[Records to use]
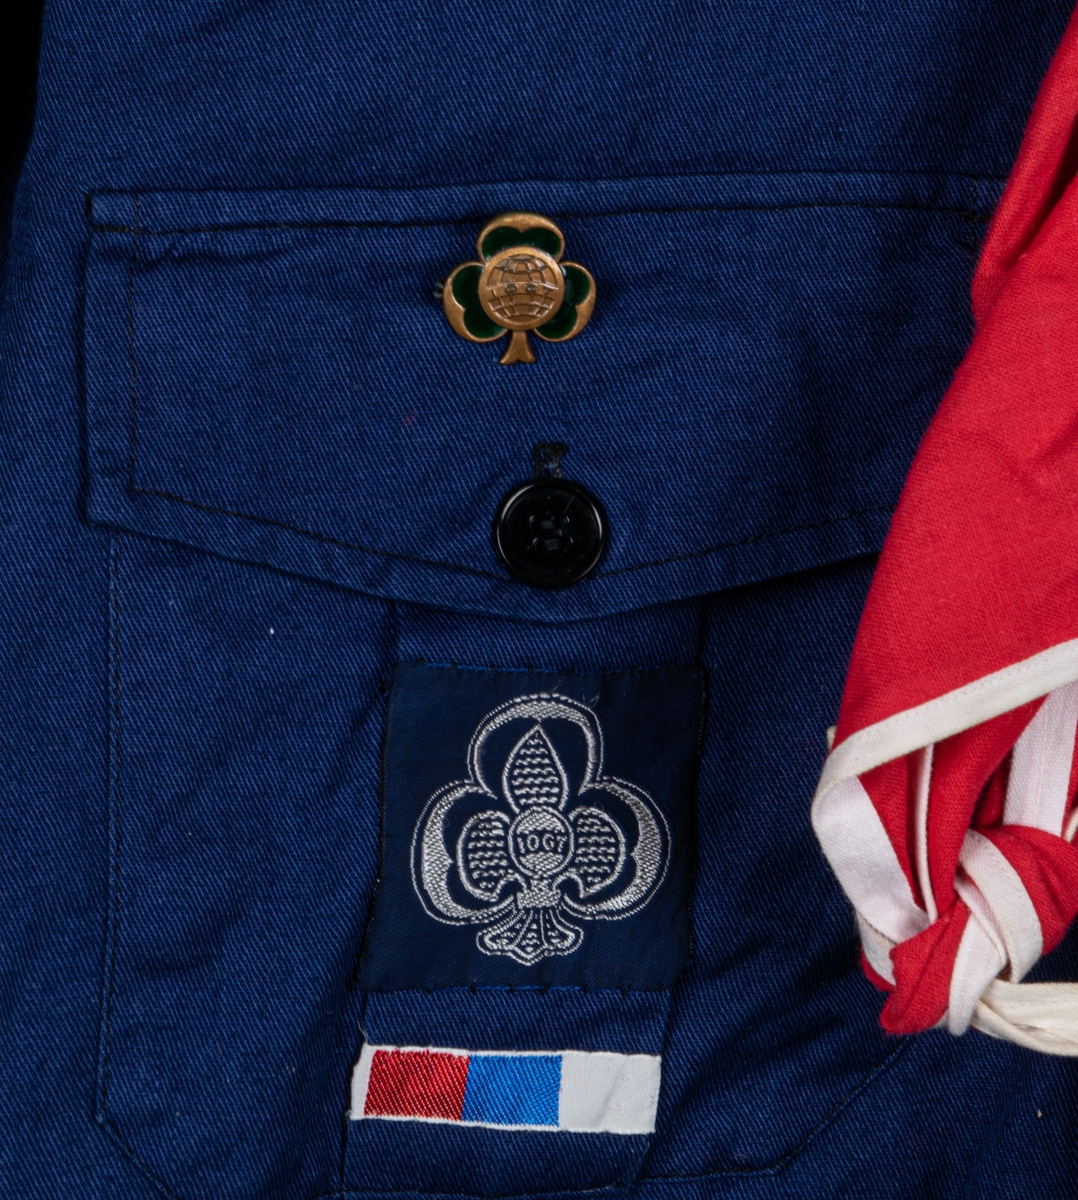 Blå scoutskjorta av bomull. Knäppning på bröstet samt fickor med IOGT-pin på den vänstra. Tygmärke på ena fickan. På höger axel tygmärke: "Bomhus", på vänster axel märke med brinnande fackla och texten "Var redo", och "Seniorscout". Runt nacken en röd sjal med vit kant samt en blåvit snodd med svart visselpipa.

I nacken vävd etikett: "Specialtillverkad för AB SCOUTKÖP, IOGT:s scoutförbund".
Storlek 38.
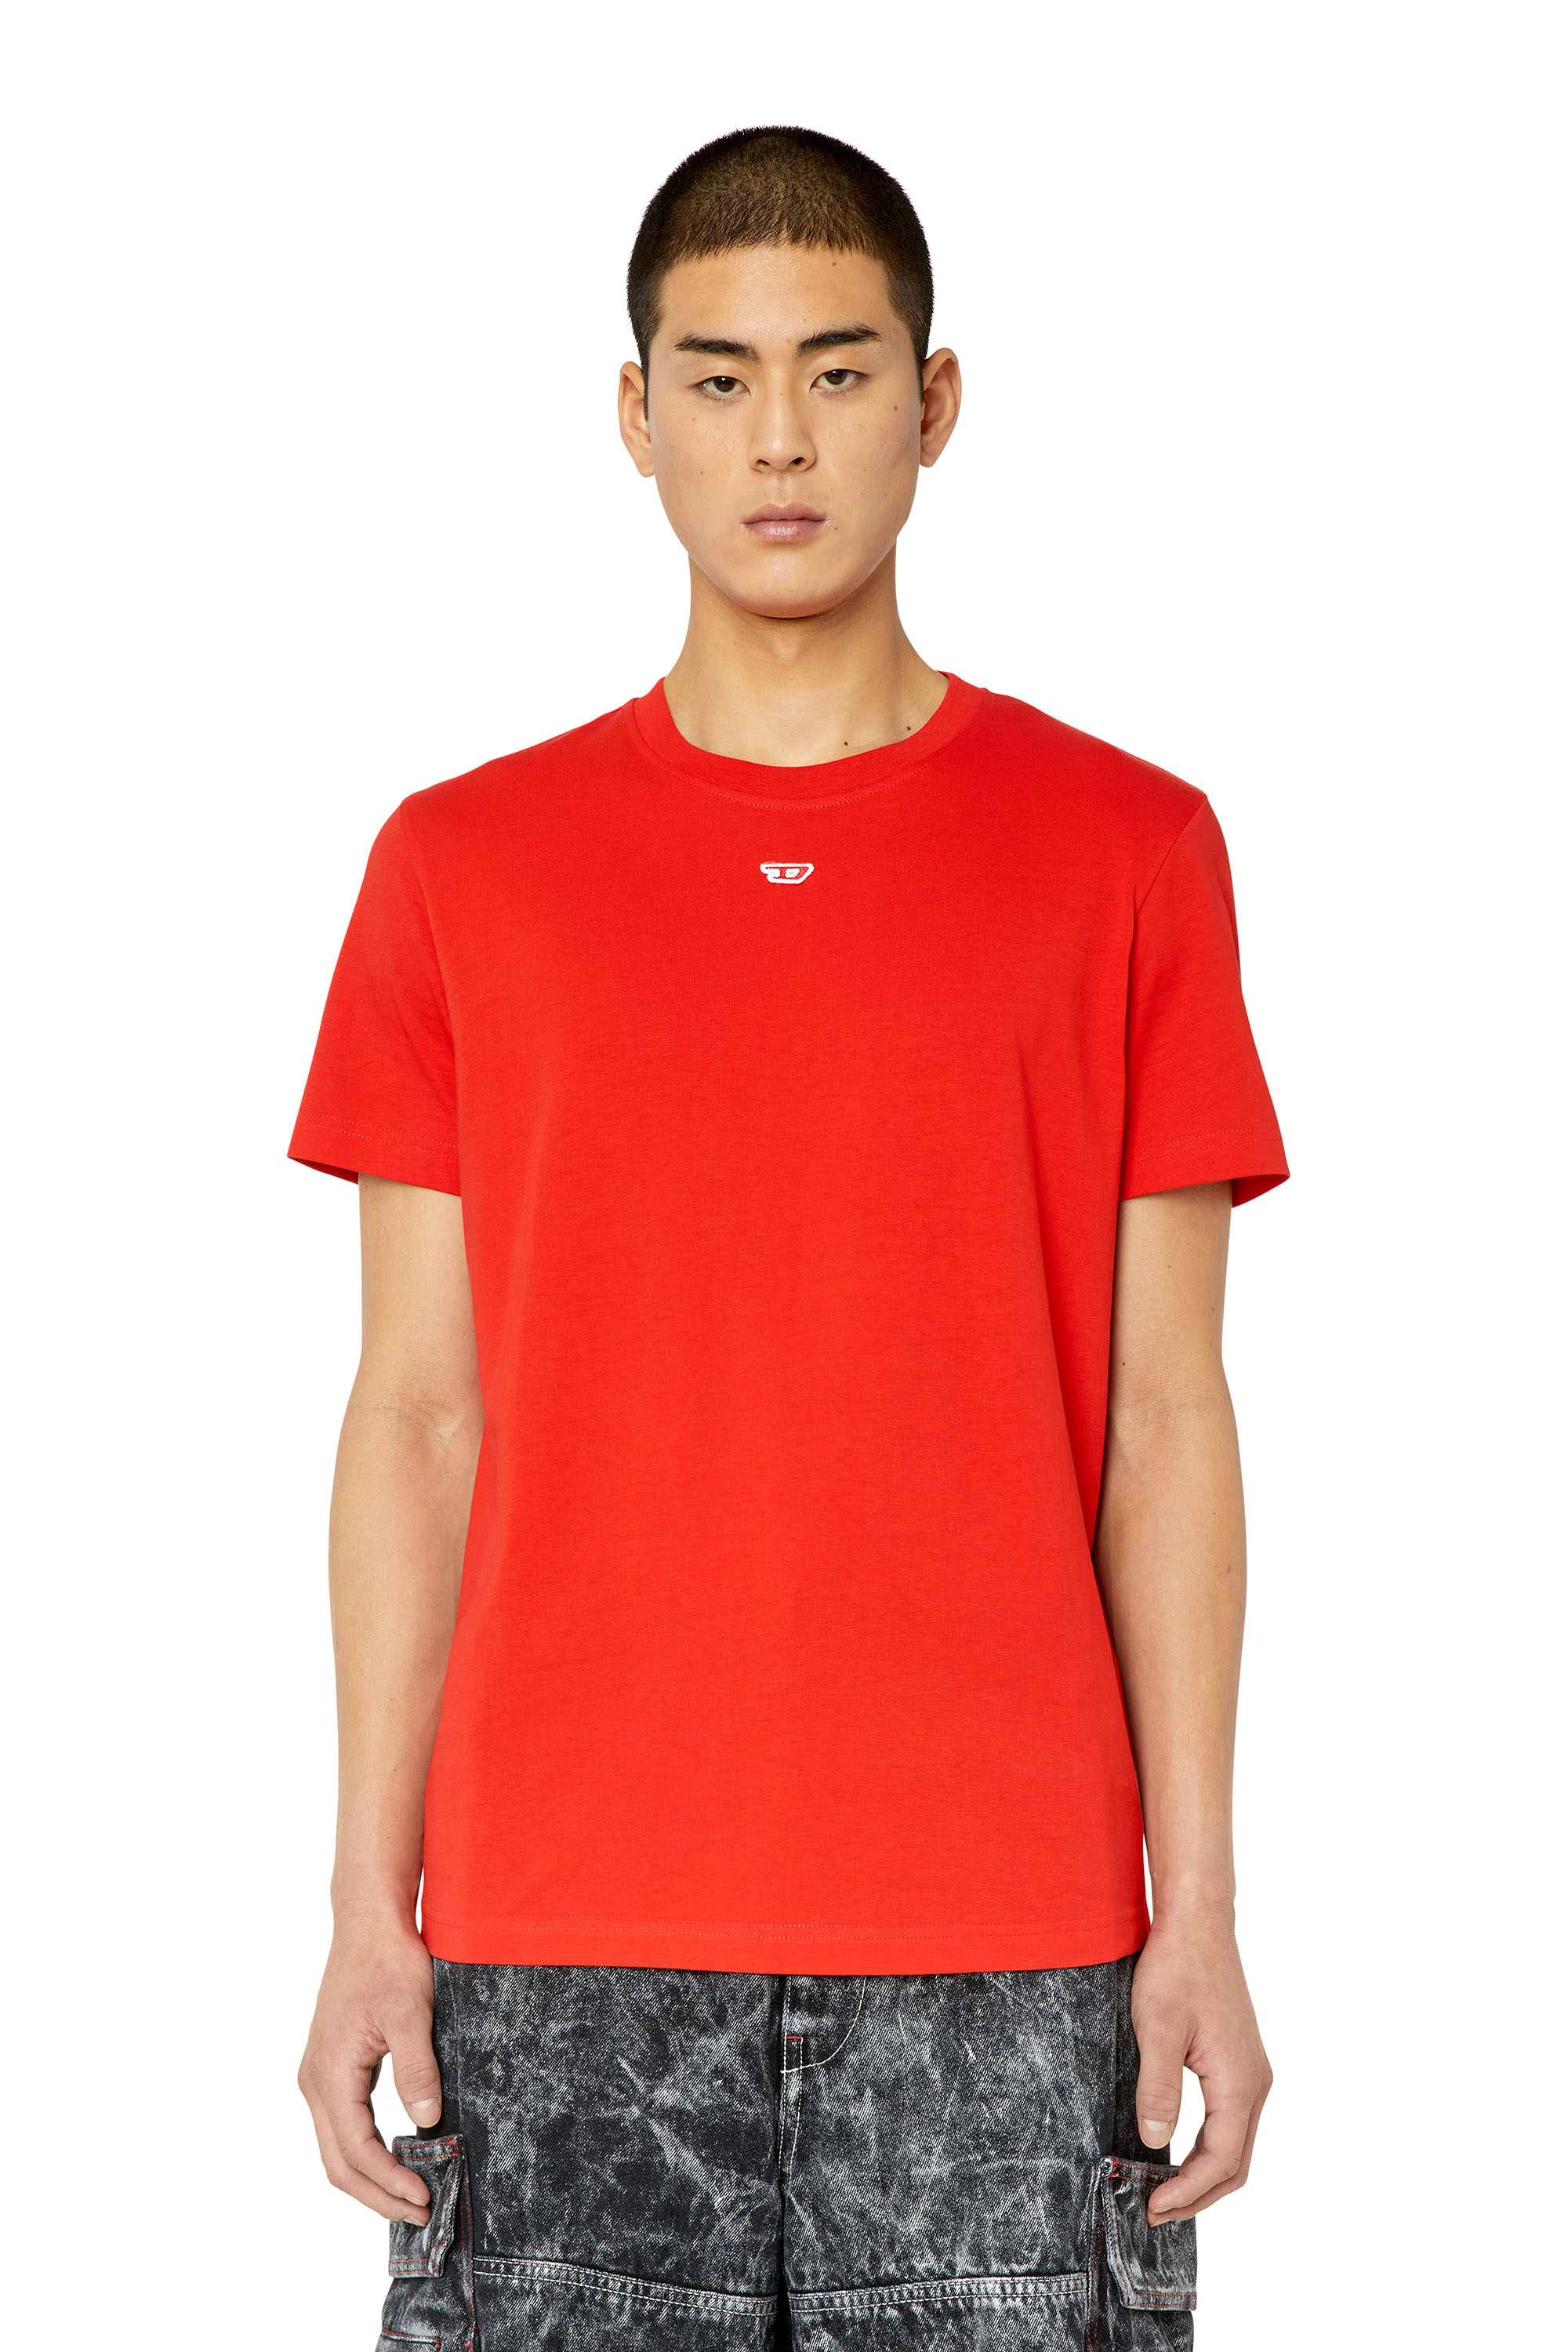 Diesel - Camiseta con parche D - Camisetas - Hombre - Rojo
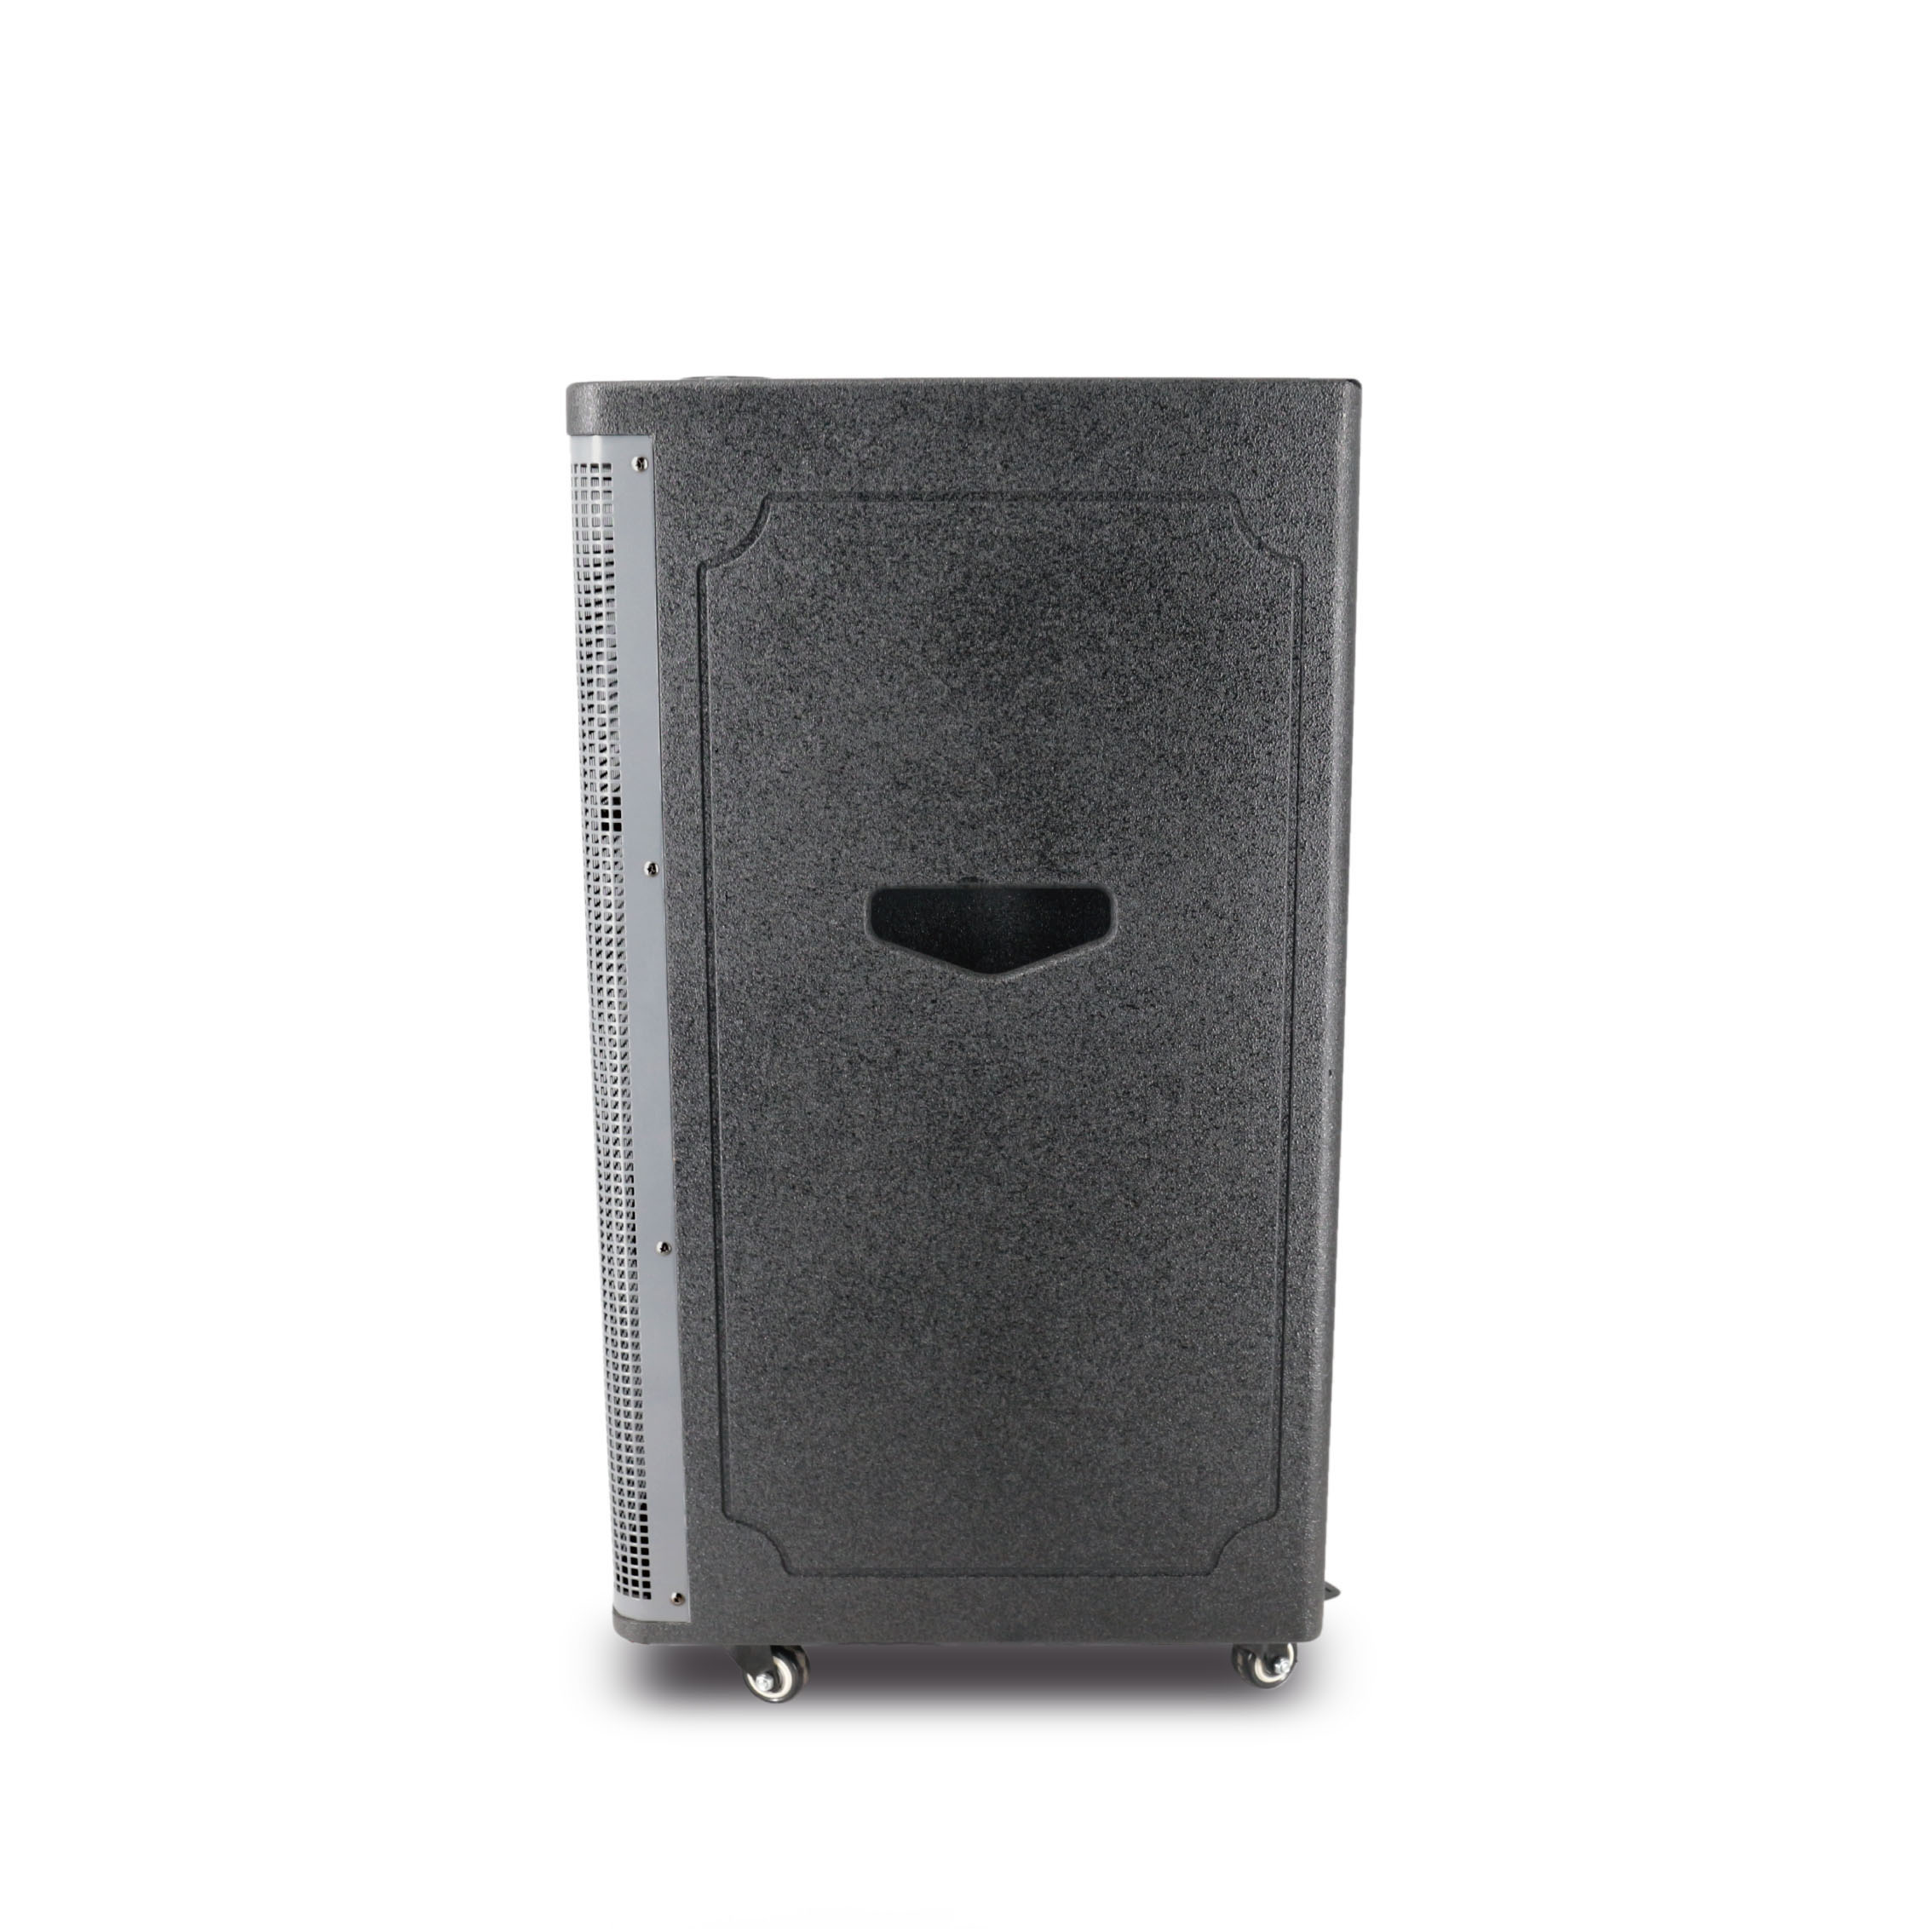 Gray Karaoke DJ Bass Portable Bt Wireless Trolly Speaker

[What is being asked] Your answer must be an exact copy of the records above, with no pictures included.

[Completed exercise]
 Blå scoutskjorta av bomull. Knäppning på bröstet samt fickor med IOGT-pin på den vänstra. Tygmärke på ena fickan. På höger axel tygmärke: "Bomhus", på vänster axel märke med brinnande fackla och texten "Var redo", och "Seniorscout". Runt nacken en röd sjal med vit kant samt en blåvit snodd med svart visselpipa.

I nacken vävd etikett: "Specialtillverkad för AB SCOUTKÖP, IOGT:s scoutförbund".
Storlek 38.
 Diesel - Camiseta con parche D - Camisetas - Hombre - Rojo
 Gray Karaoke DJ Bass Portable Bt Wireless Trolly Speaker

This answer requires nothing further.